1.1 The number one reason for injury/pain is a previous injury.
When looking into the history of the masters athlete a common thread is a previous ankle injury. In my experience, most times this means a sprain of varying degrees. This cooperates with the fact one in every six high sports injuries is an ankle sprain. Most Master Level athletes have fallen in love with Crossfit because it has allowed them to rekindle that fire to compete again. It really makes sense that a greater majority of our older athletes have “rolled” an ankle at some point in time during their athletic careers.
This allows us the opportunity to highlight the importance of full recovery from an injury. If acute care isn’t started immediately to the site following the injury then the body will respond by trying to protect itself by laying down scar tissue. This buildup of scar tissue is very similar to the calluses that form on your hand. It is very stiff which can prevent mobility and strength but also be very painful.
Most athletes that I have worked with can re-enact the moment they suffered their sprain. Their story also include to more important facts. Number one, them just getting right back up and putting weight on their other leg to finish the game. Number two, the sound of crickets when asked how they treated it.
So what we end up seeing often is an ankle that is really good at pointing their toe (plantar-flexion) but can’t pull their toes upward (dorsiflex) very well at all. This puts the brain in a position in which it must figure out another way to slow down the knee. As a result this means that the quadriceps (thigh) and the Achilles tendon (connective tissue that connects the calf to the foot) get overly stressed.
With particular regards to the Achilles, this isn’t good. This tendon is supposed to act as anchor for the gastroc to pull on but since the calf has lost it’s elastic qualities the Achilles gets stressed too much. This repetitive stress pulls on the Achilles, which tangles it up and turns the feet (or foot) outwards giving the athlete a “duck stance.”
What to look for:
Duck stance.

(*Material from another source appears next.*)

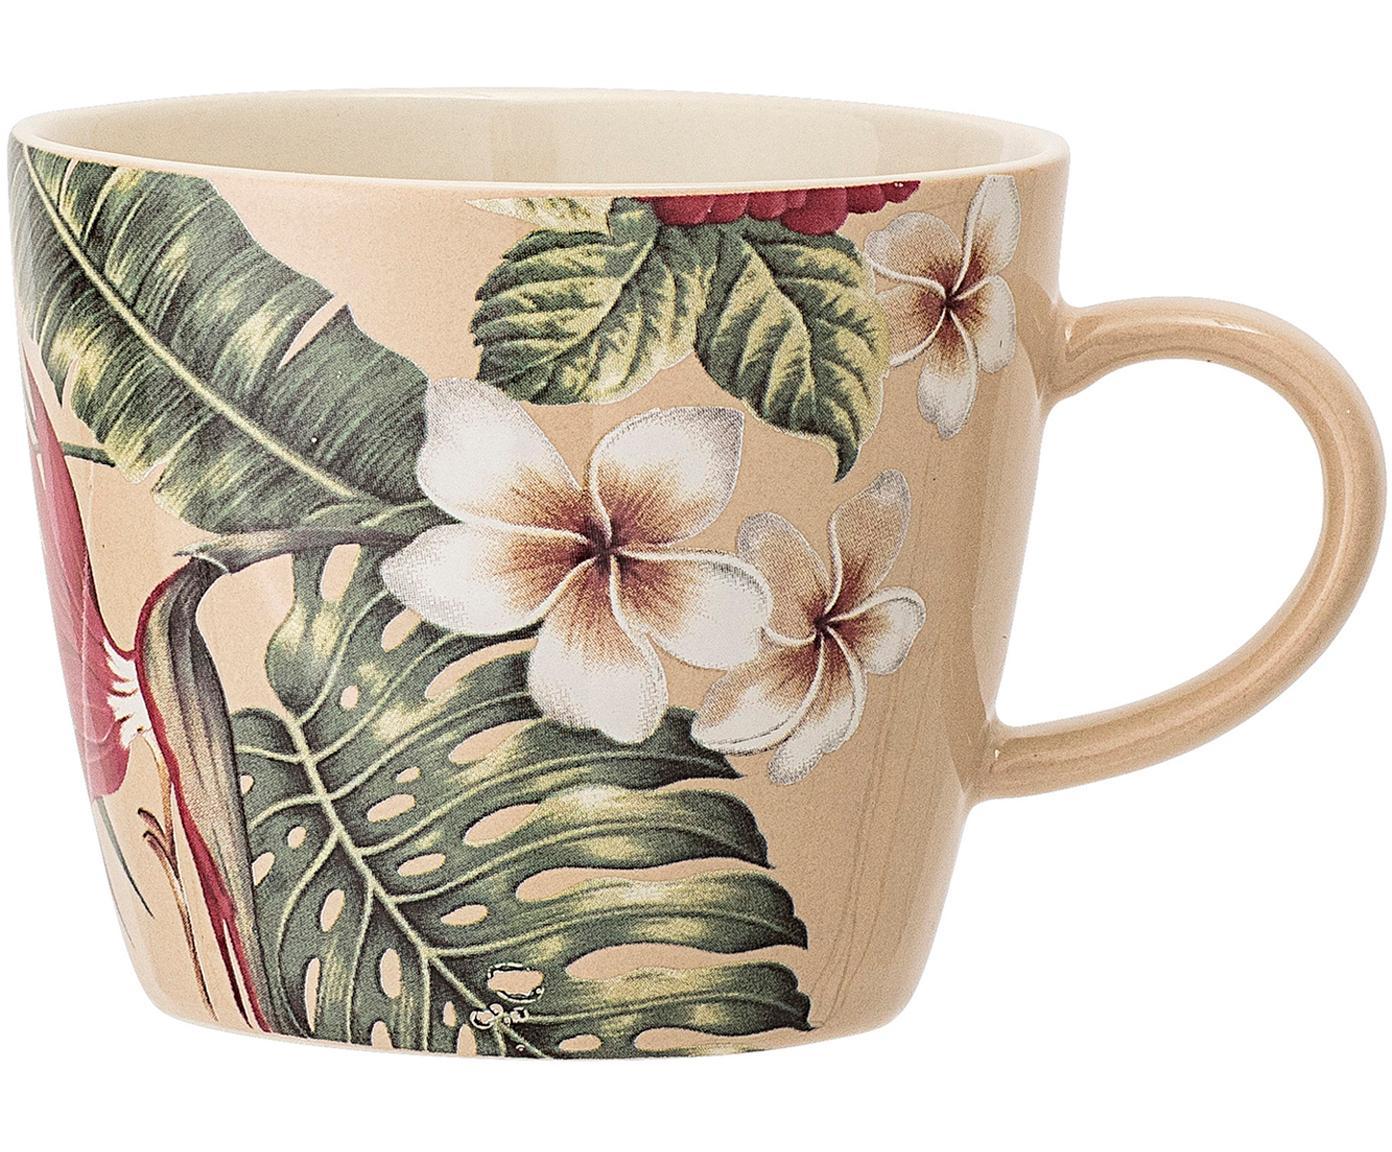 Kaffeetassen Aruba, 2 Stück, Steingut, Cremeweiss, Grün, Rot, Ø 10 x H 8 cm

One of the most common postural deviations that I see in Master’s level athletes is a toed out, flat footed stance. Most of the time it is on the one side only but it can also easily be both.
The daily fix: Start by restoring the soft tissue structures in the arch. Use a golf ball everyday on the bottom of your foot to relax overworked tissue. Continue up the chain, by doing some self-massage on your gastroc complex. Get yourself some custom made orthotics to prevent over-pronation. Be patient, you can get your arch back, but you will at least seven months of being consistent.
2. Lower Back
Most Master athletes will come to me complaining of the back pain but remembering that ankle joint history may also be important to understanding why the pain is occurring and proving to be the key into creating a fix. What we need to understand is that the foot isn’t just the foot, it is also the ankle.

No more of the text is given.